- Born: Paul Israel Rapoport March 6, 1940 Flushing, New York, United States
- Died: July 9, 1987 (aged 47) New York, New York, United States
- Education: Cornell University, 1962; Columbia University Law School, 1965; New York University School of Law;
- Occupation: Lawyer
- Known for: Lesbian, Gay, Bisexual & Transgender Community Center; Gay Men's Health Crisis;

= Paul Rapoport =

American lawyer

Paul Israel Rapoport (March 6, 1940 - July 9, 1987) was an American lawyer and co-founder of both the New York City Lesbian, Gay, Bisexual & Transgender Community Center and Gay Men's Health Crisis. The private foundation that bore his name was, during its active years, one of the oldest and largest LGBT-focused foundations in the country.

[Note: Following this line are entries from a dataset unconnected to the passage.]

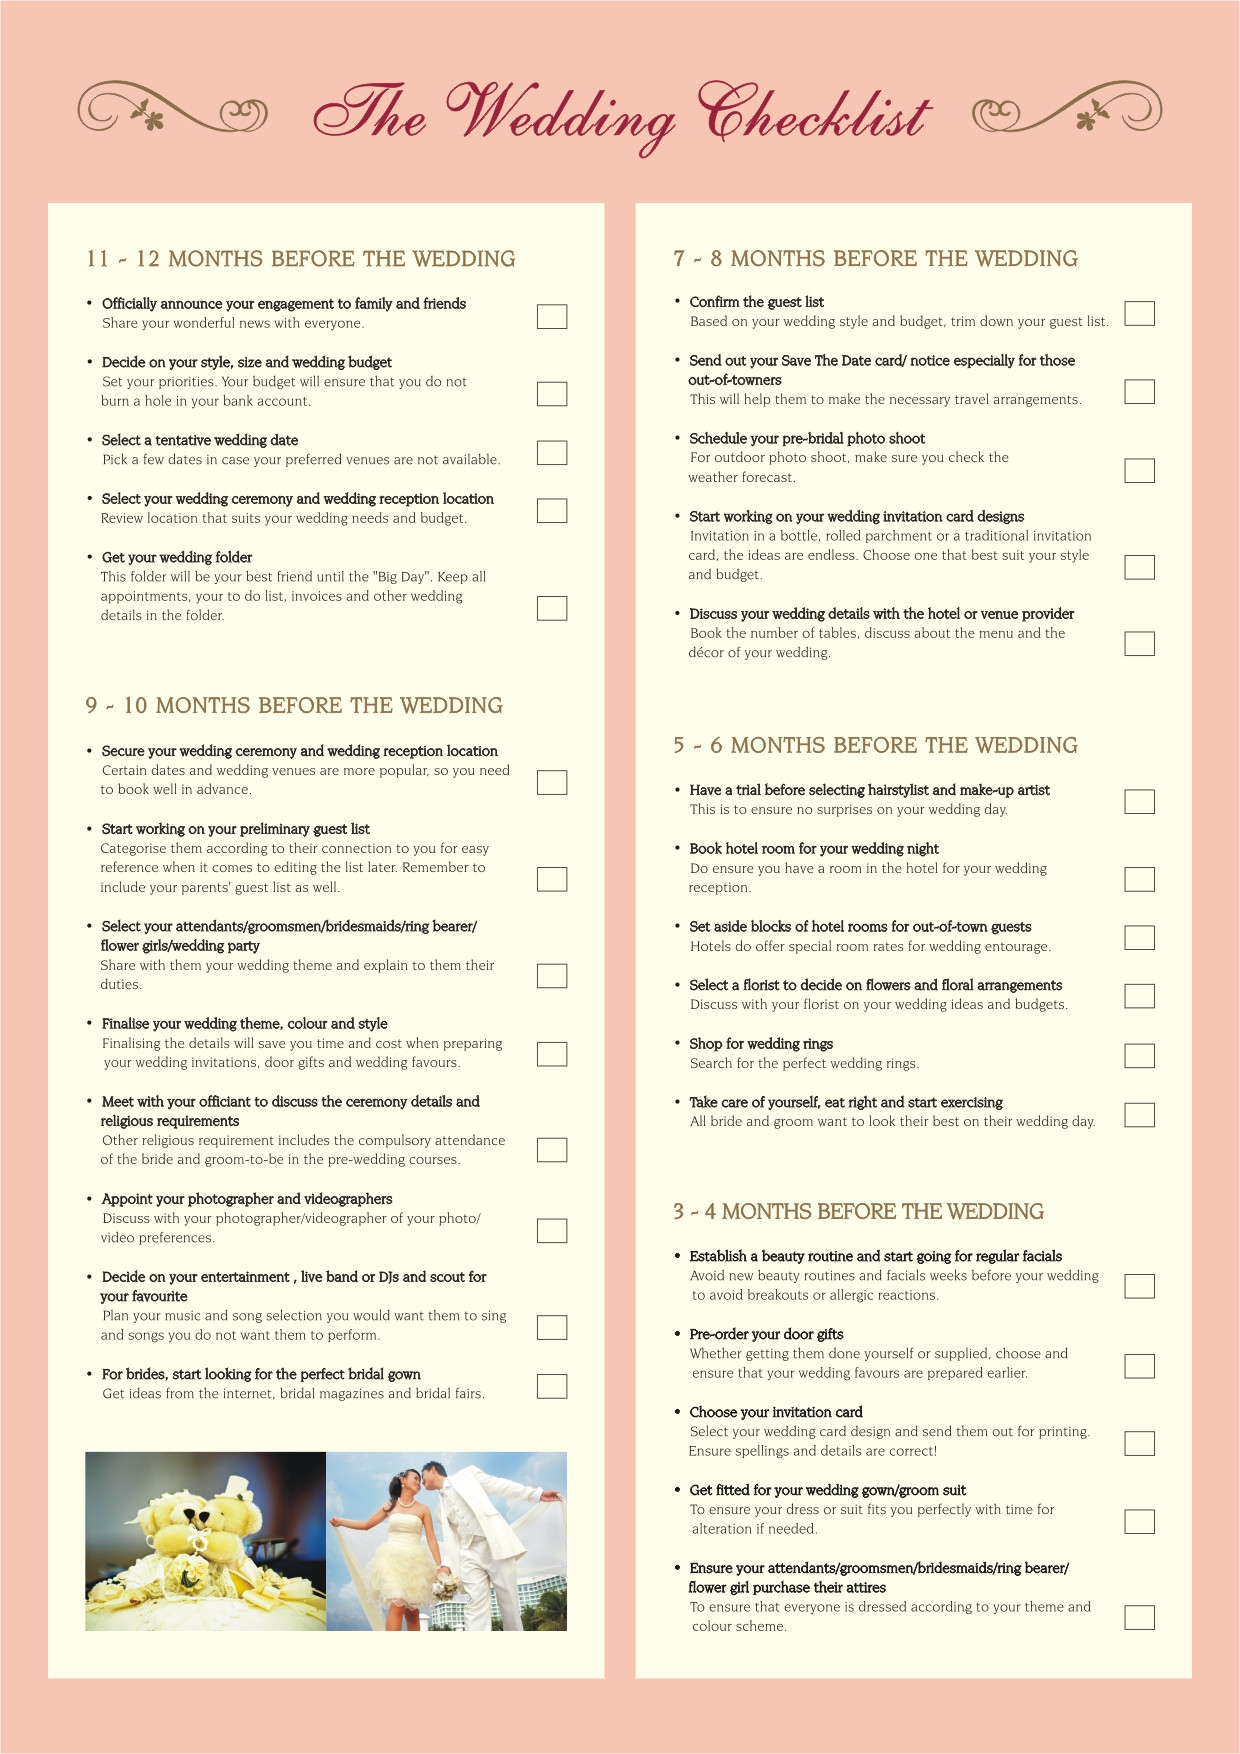 DIY Backyard Wedding Checklist
 Planning a backyard wedding checklist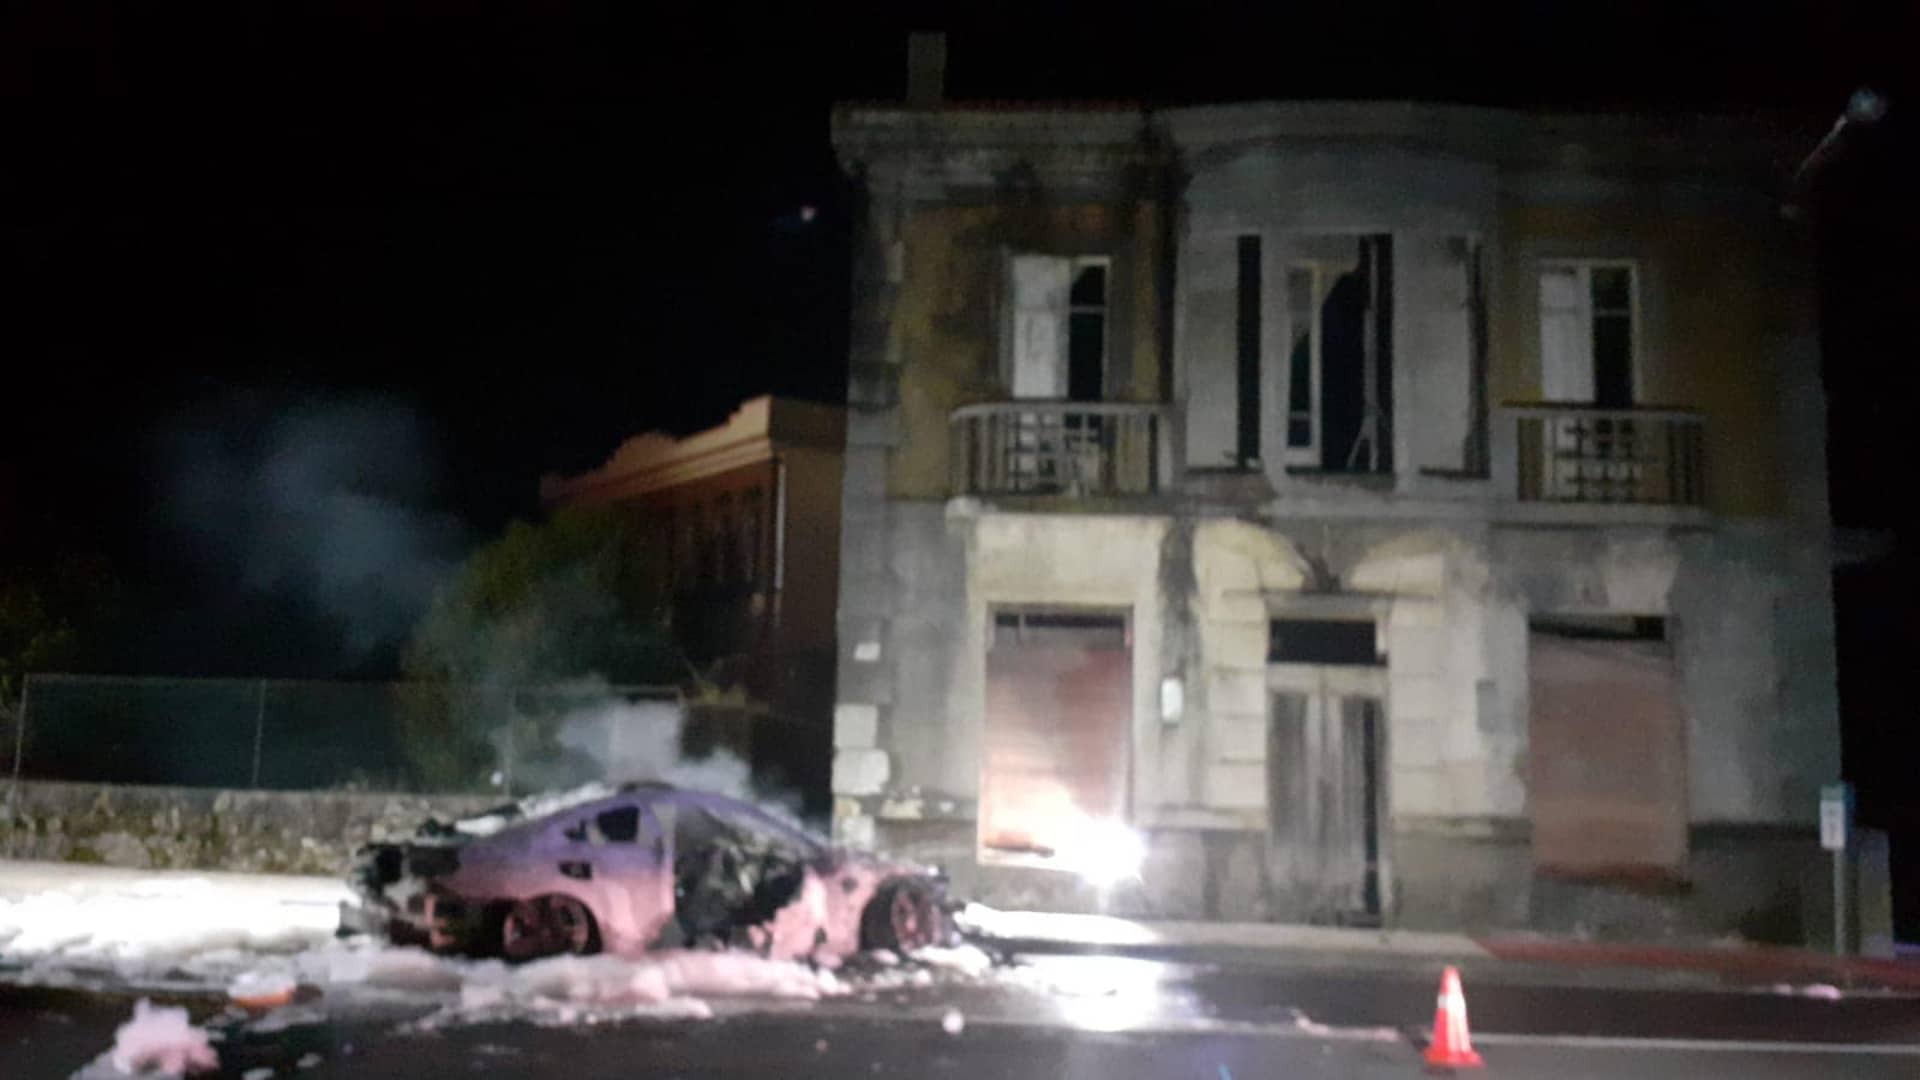 El vehículo que ardió en Cee | ADC BOMBEIROS COSTA DA MORTE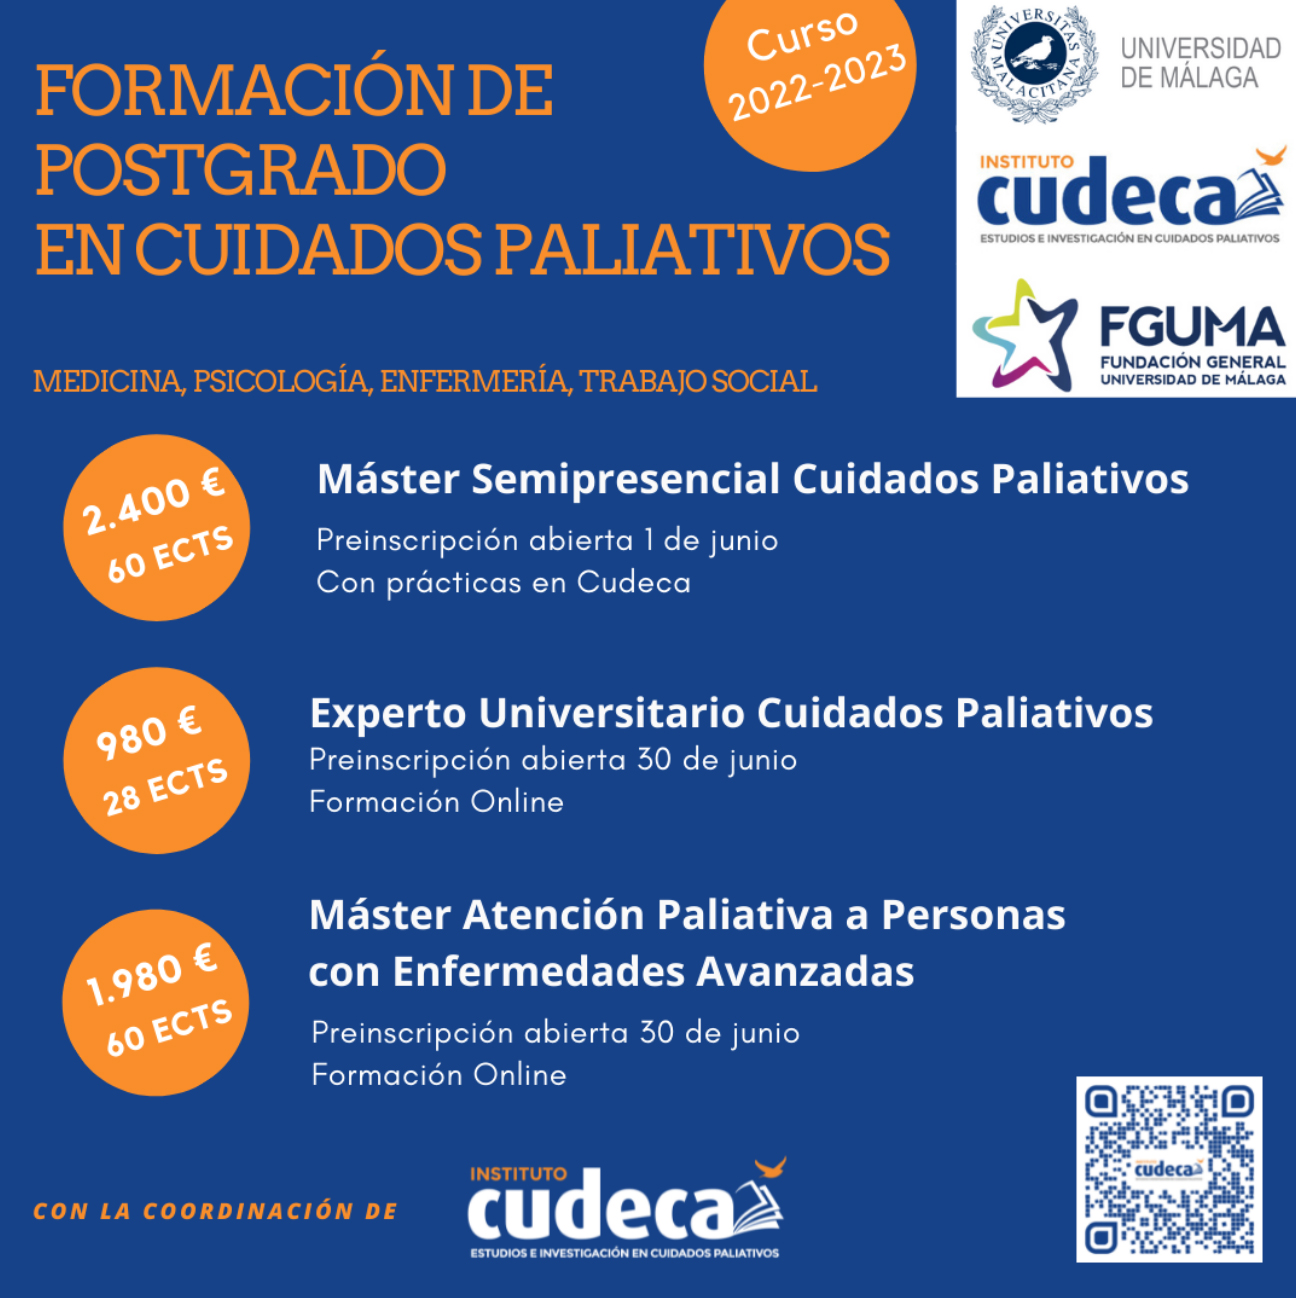 Abierto el plazo de preinscripción para los postgrados del Instituto CUDECA a través de la Universidad de Málaga

Rapoport was born in Flushing, New York in 1940, the son of Ida and David and younger brother of Daniel, and attended New York City P.S. 107, the Horace Mann School and Cornell University, from which he graduated in 1962. He graduated cum laude from Columbia University Law School in 1965, and later received an LL.M. in tax from New York University School of Law.

Rapoport died of AIDS at New York University Medical Center at the age of 47. In September 1987 his estate of roughly $8 million was used to establish The Paul Rapoport Foundation, which at Rapoport's direction gave to LGBT and HIV/AIDS causes in the New York metropolitan area.

In a press release dated July 6, 2009 the Paul Rapoport Foundation announced its intention to spend out. The Foundation ceased operations in June 2015. Its archives are located in the Human Sexuality Collection of the Cornell University Library.